» **Task requirements**: Reproduce the first line of the material below and each line after it, exactly, through the line containing "How to get white trainers clean and fresh", and give nothing more.

» **Available records**:
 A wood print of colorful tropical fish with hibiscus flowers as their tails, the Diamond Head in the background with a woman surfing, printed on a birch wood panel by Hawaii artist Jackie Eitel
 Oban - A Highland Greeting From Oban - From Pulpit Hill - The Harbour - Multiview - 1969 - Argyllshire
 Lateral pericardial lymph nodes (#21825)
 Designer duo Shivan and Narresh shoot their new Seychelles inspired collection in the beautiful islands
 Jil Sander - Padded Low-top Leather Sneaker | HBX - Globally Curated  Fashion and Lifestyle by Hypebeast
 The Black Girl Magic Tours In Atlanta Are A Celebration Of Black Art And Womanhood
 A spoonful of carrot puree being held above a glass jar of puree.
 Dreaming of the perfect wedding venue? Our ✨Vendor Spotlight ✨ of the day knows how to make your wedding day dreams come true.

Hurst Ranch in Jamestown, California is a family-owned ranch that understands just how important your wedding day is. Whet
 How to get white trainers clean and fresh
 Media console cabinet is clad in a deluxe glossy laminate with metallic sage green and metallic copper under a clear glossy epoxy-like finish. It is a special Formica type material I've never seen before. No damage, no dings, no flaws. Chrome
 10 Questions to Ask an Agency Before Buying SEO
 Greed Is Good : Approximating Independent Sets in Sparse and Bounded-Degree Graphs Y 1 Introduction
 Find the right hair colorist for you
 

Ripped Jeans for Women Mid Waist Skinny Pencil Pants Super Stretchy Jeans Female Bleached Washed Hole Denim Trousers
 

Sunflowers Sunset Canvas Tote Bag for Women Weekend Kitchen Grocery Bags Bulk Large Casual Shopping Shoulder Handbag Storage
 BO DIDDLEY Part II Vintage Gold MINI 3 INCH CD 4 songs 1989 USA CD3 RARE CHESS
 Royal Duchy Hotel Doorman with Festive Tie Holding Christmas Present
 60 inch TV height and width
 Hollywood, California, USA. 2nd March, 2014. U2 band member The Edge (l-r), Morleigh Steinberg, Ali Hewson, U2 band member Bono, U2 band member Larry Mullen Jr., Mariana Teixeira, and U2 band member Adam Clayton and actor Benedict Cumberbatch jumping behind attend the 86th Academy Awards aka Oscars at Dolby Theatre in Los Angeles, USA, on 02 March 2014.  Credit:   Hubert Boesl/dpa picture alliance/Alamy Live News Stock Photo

» **Result**:
 A wood print of colorful tropical fish with hibiscus flowers as their tails, the Diamond Head in the background with a woman surfing, printed on a birch wood panel by Hawaii artist Jackie Eitel
 Oban - A Highland Greeting From Oban - From Pulpit Hill - The Harbour - Multiview - 1969 - Argyllshire
 Lateral pericardial lymph nodes (#21825)
 Designer duo Shivan and Narresh shoot their new Seychelles inspired collection in the beautiful islands
 Jil Sander - Padded Low-top Leather Sneaker | HBX - Globally Curated  Fashion and Lifestyle by Hypebeast
 The Black Girl Magic Tours In Atlanta Are A Celebration Of Black Art And Womanhood
 A spoonful of carrot puree being held above a glass jar of puree.
 Dreaming of the perfect wedding venue? Our ✨Vendor Spotlight ✨ of the day knows how to make your wedding day dreams come true.

Hurst Ranch in Jamestown, California is a family-owned ranch that understands just how important your wedding day is. Whet
 How to get white trainers clean and fresh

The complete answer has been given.